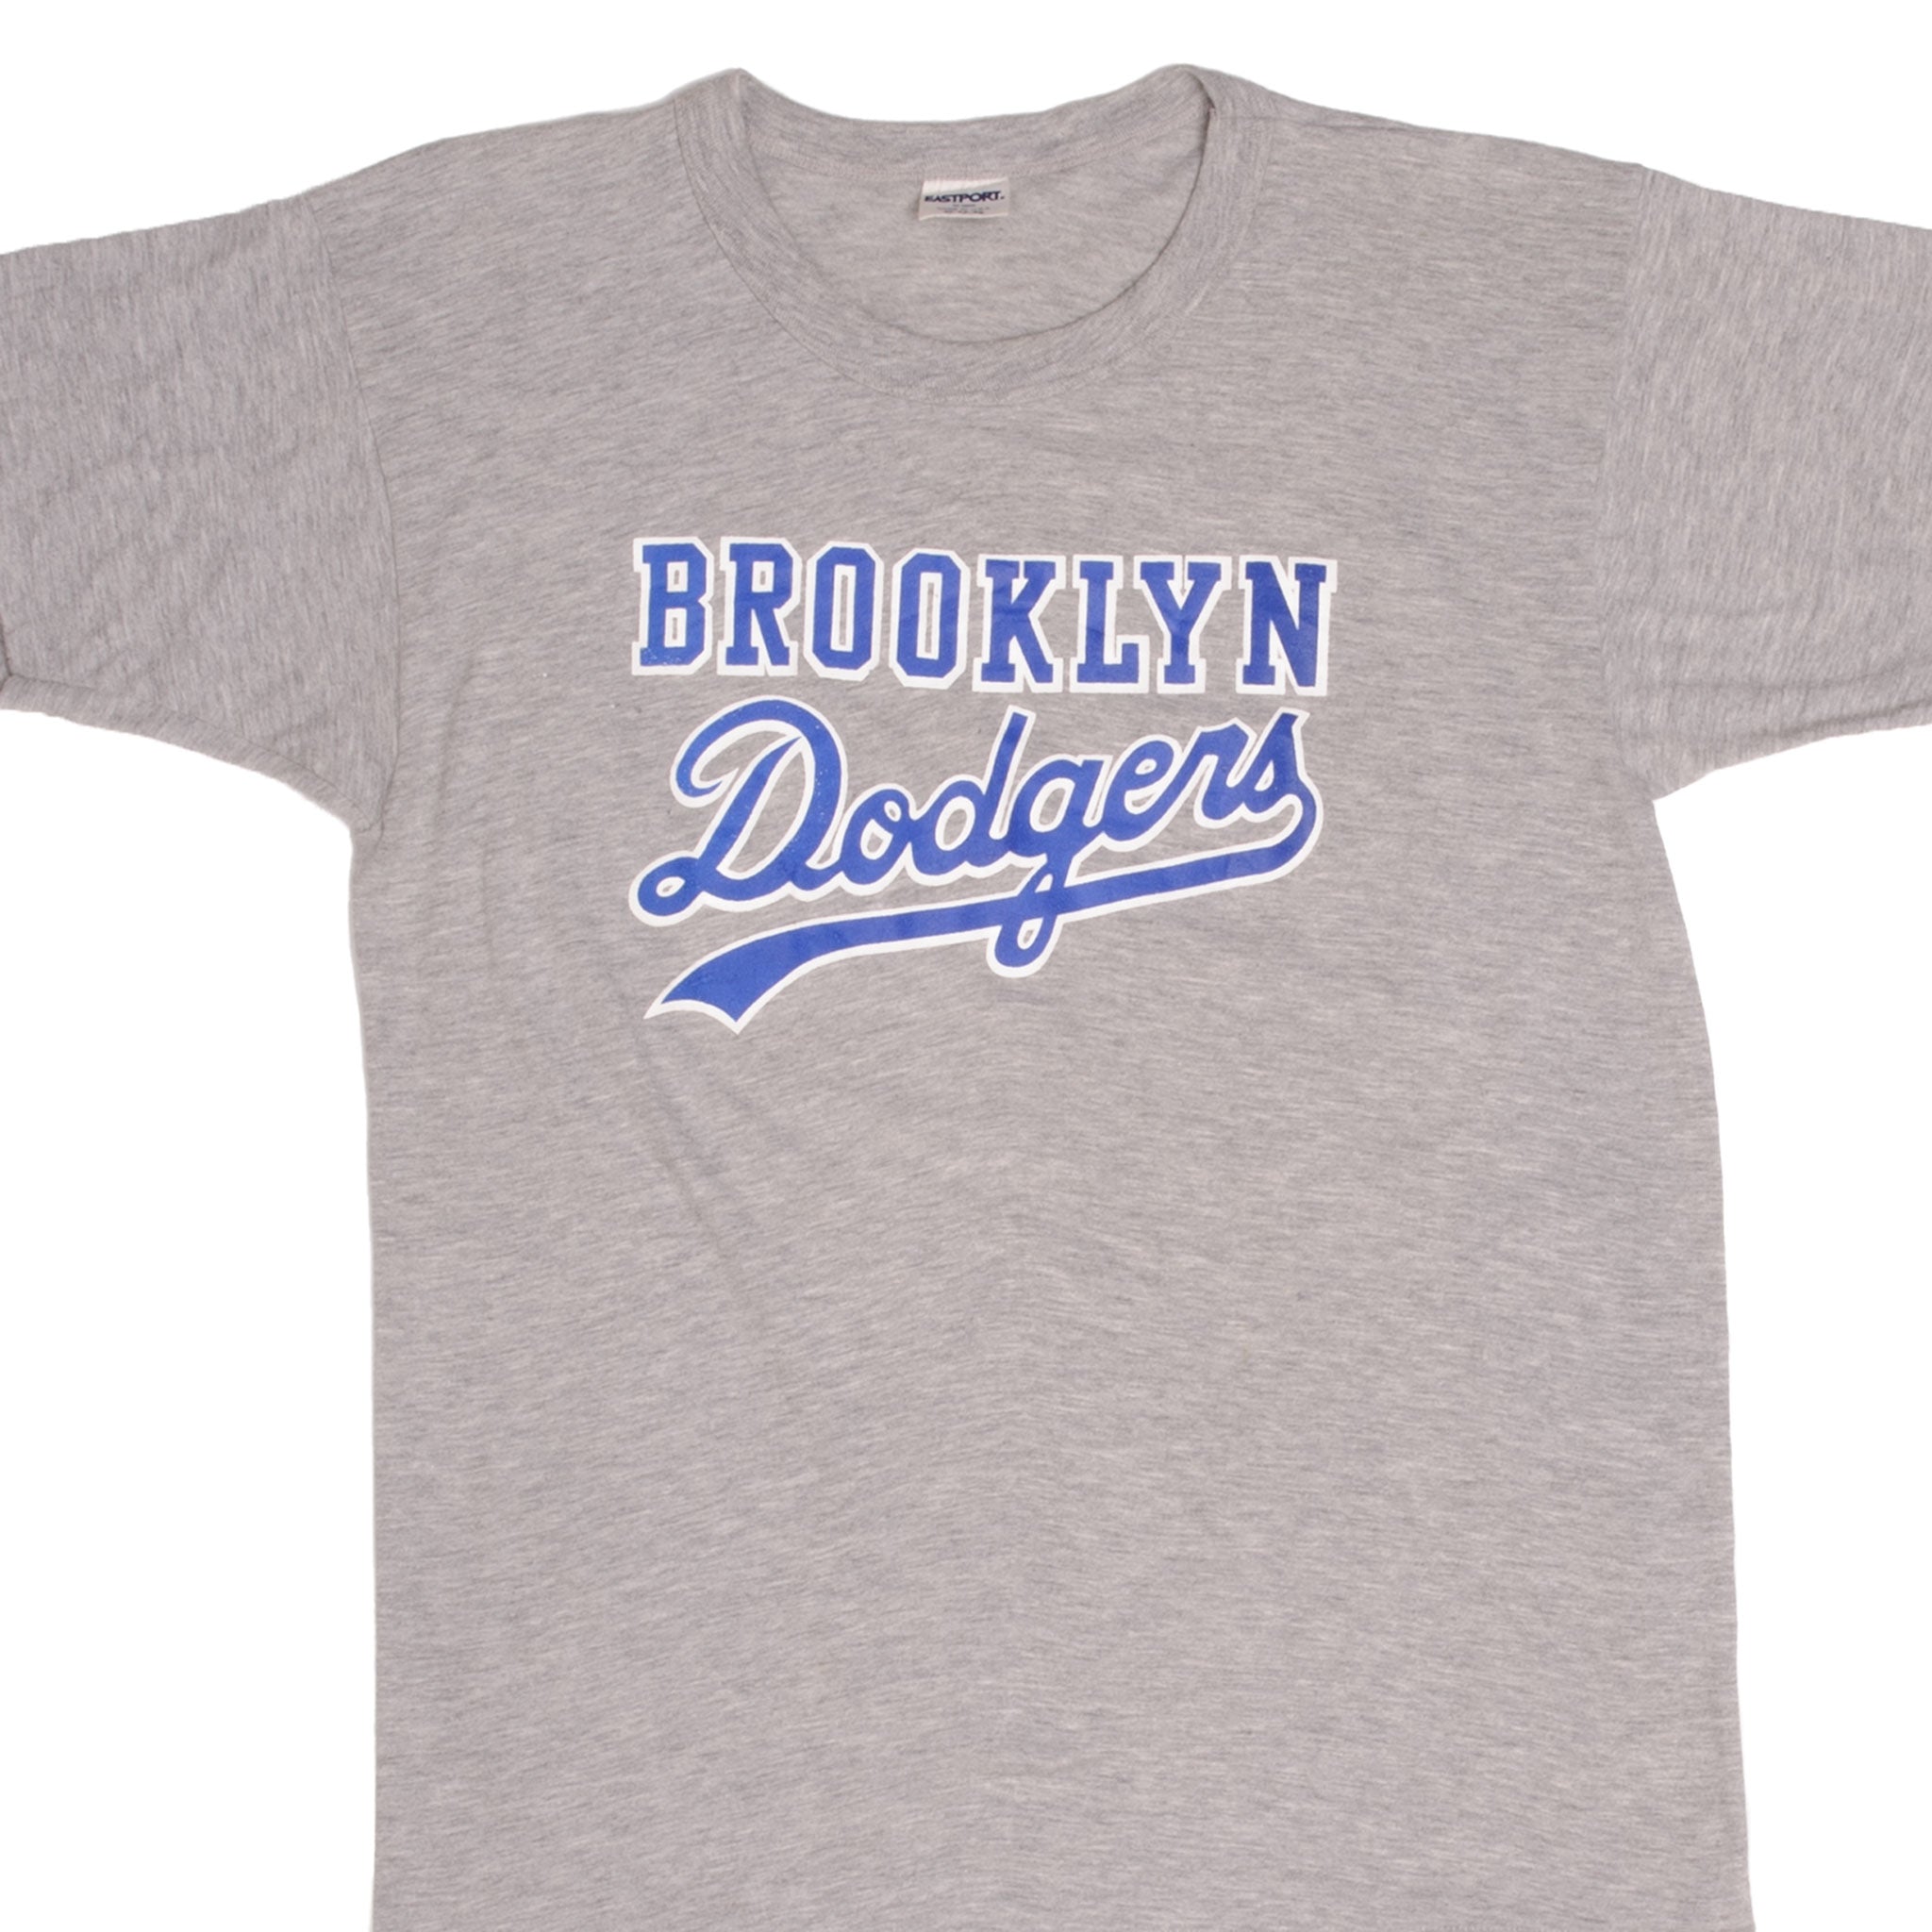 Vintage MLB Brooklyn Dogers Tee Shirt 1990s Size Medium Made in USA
...
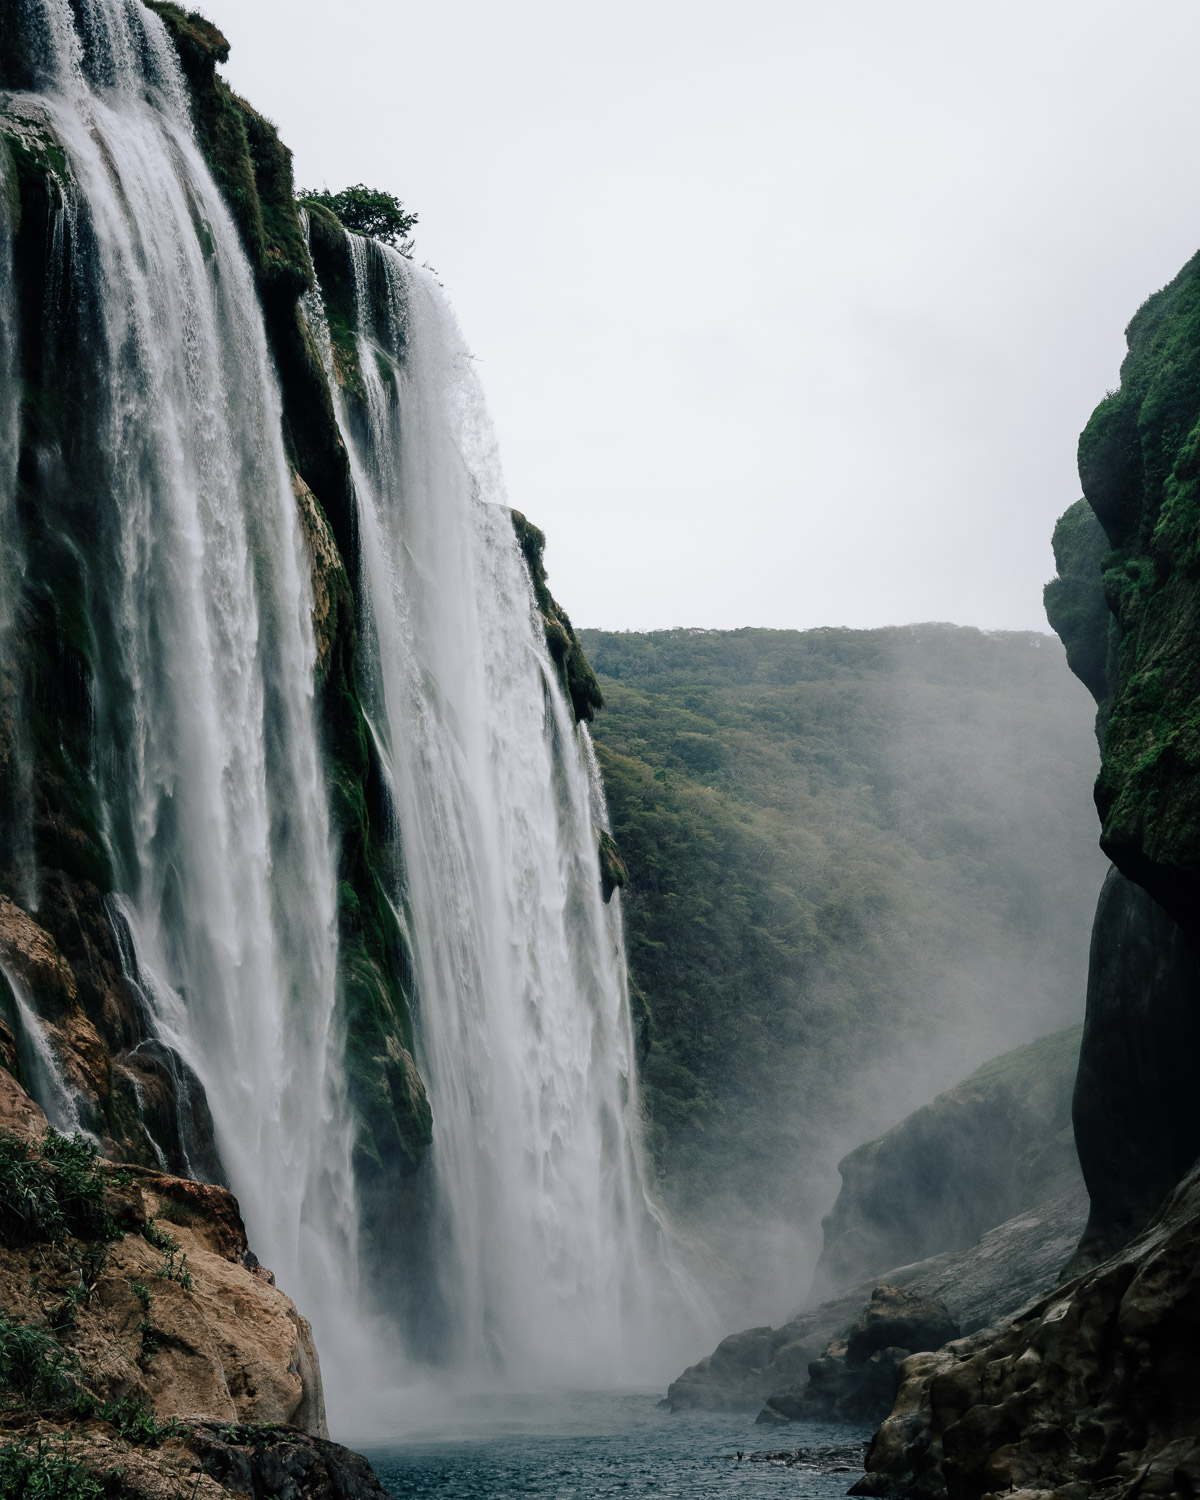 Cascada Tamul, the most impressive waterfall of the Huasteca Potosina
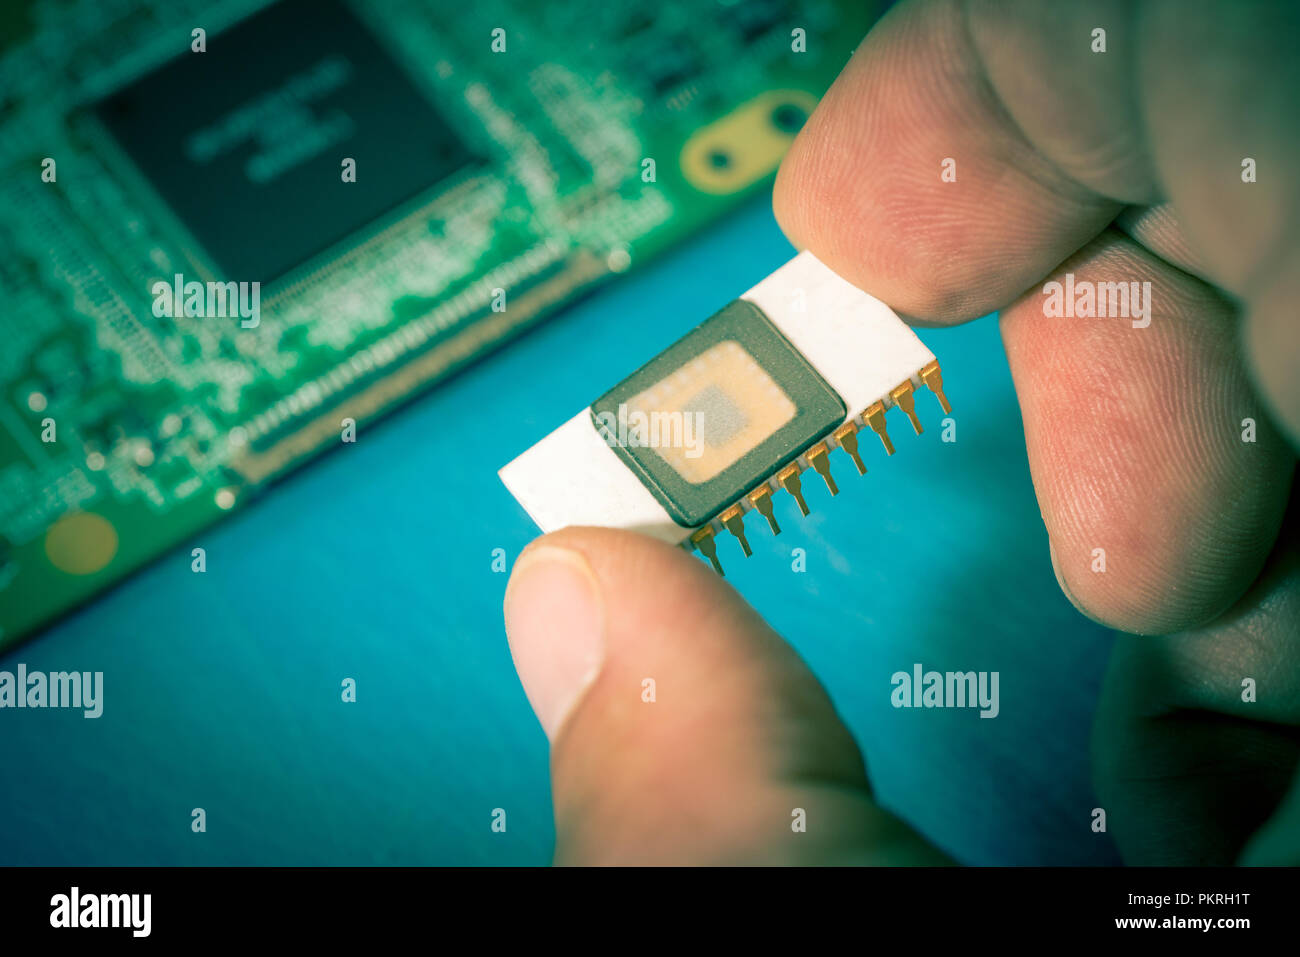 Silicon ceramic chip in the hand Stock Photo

> About this task:
Though the entries above contain pictures, none should be copied; reproduce only the lines between the one holding "Cascada Tamul, the" and the one holding "Silicon ceramic chip in the hand Stock Photo", inclusive, exactly as written.

> Exercise answer:
 Cascada Tamul, the most impressive waterfall of the Huasteca Potosina
 Silicon ceramic chip in the hand Stock Photo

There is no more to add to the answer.